How do you pack all of the wonderful flavors of Fall into one bite? …ya make it a soup!

In our newest blog series Make it a Soup! we will highlight the joys of soup making and all of the wonderful flavors you can can swaddle your taste buds in.


In this edition we’re making Butternut Squash Soup!

There are tons of advantages to cooking with Butternut Squash… They’re easy to work with, they don’t break the bank, and they’re loaded with vitamins A and C, potassium, and carbohydrates! Who knew a soup could give you all of that?

Check it out and try it for yourself! #makeitasoup

Serves 4 to 6


2 large butternut squashes, peeled and cubed

1 tsp olive oil, plus 1 tsp

1 large onion, peeled and diced

4 cups vegetable broth

¼ tsp cayenne pepper

Sea salt

freshly ground pepper


Preheat oven to 400°.


Place butternut squash on a sheet tray and toss with 1 teaspoon olive oil, sea salt and freshly ground pepper.

Roast for 25 minutes, until soft – a knife should easily cut through it.

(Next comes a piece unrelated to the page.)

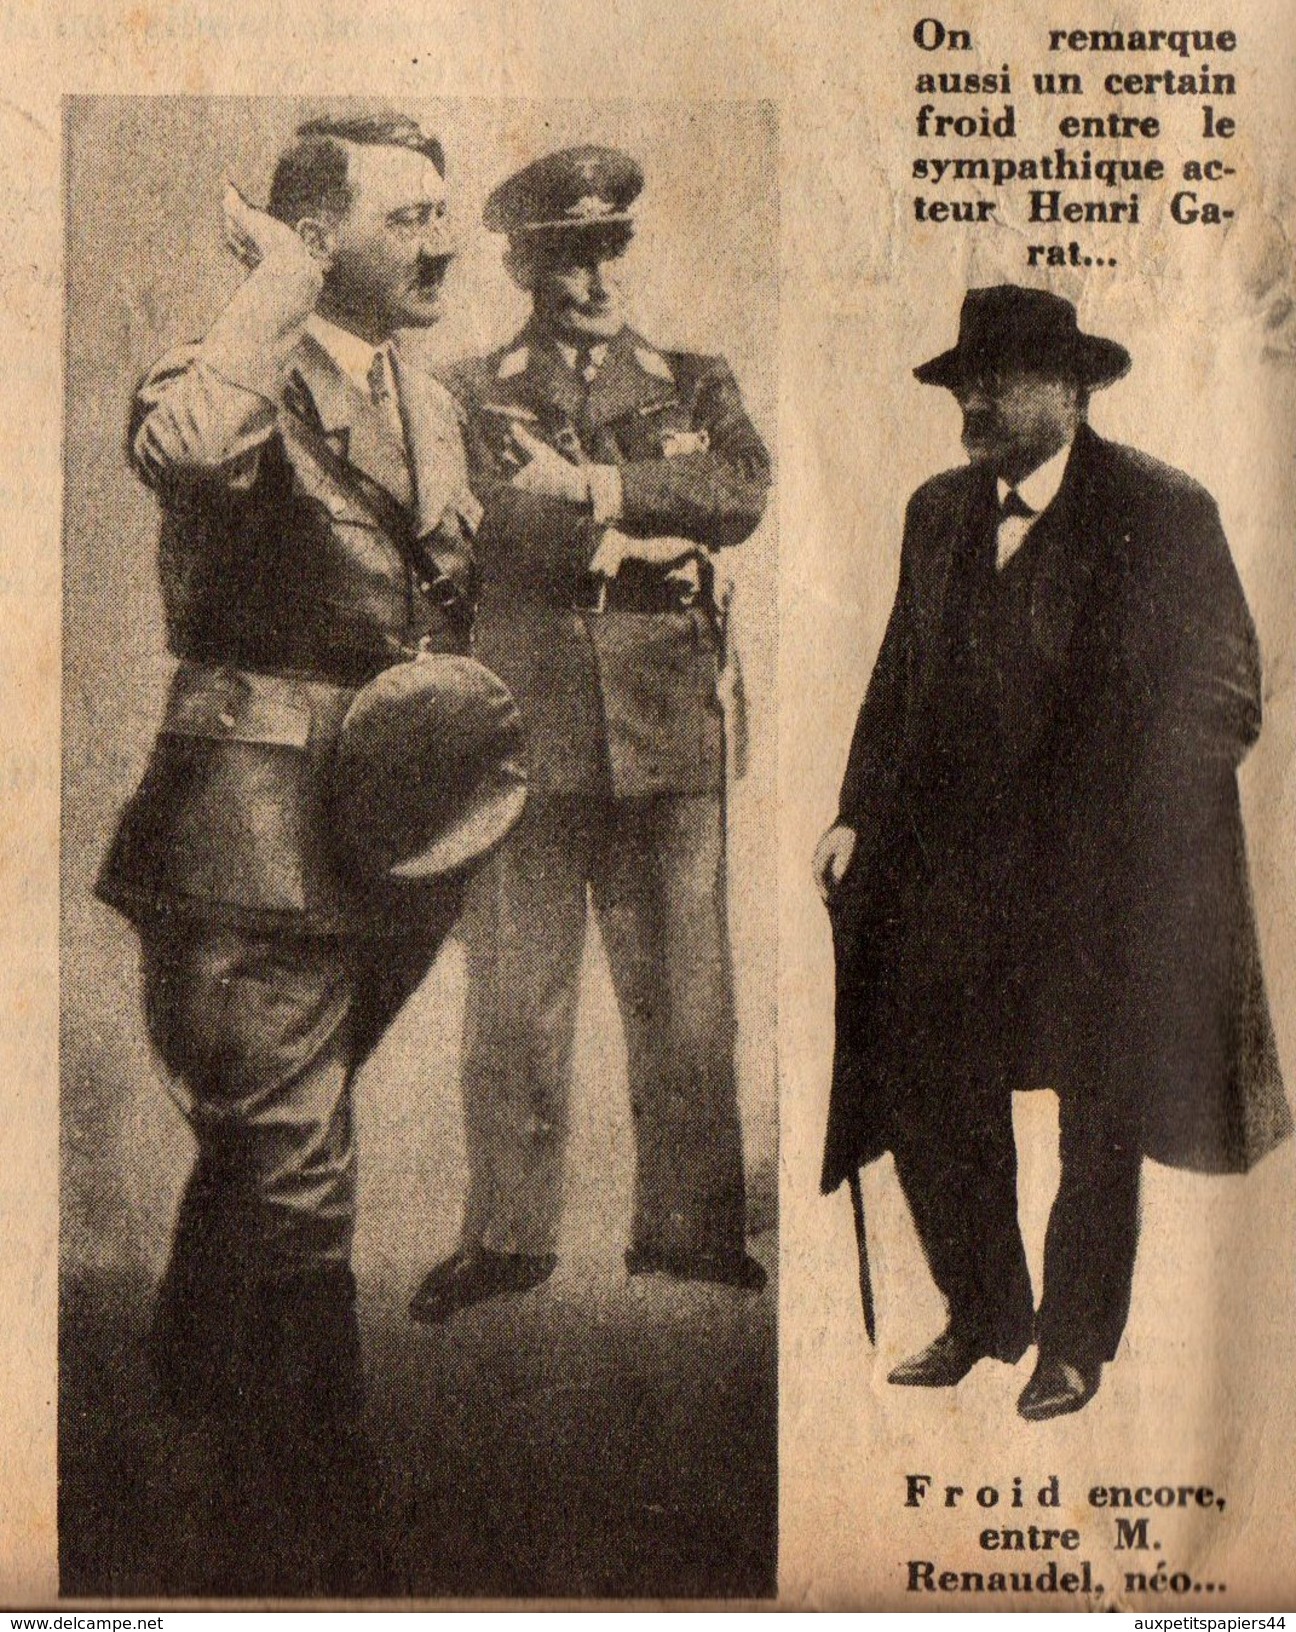 Journal MARIANNE du Mercredi 16.12.1933 - 2ème Année N°59 - Caricatures, Pub & Propagande Nazi pour Hitler ! 16 pages

Meanwhile, in a large pot over medium, heat olive oil until it simmers. Add diced onions and cook until translucent.

Once the squash is roasted, add to the pot. Add cayenne pepper, vegetable broth and bring pot to a boil. Reduce heat and let cook for 20 minutes.

Remove from heat and let cool.

Using an immersion blender, blend until smooth.

Notes + Serving Tips

Season with sea salt and freshly ground pepper to taste.

For a little extra kick add a ¼ teaspoon of fresh ginger or curry powder.

Crisp up some sage and toast some pepitas for a delicious garnish.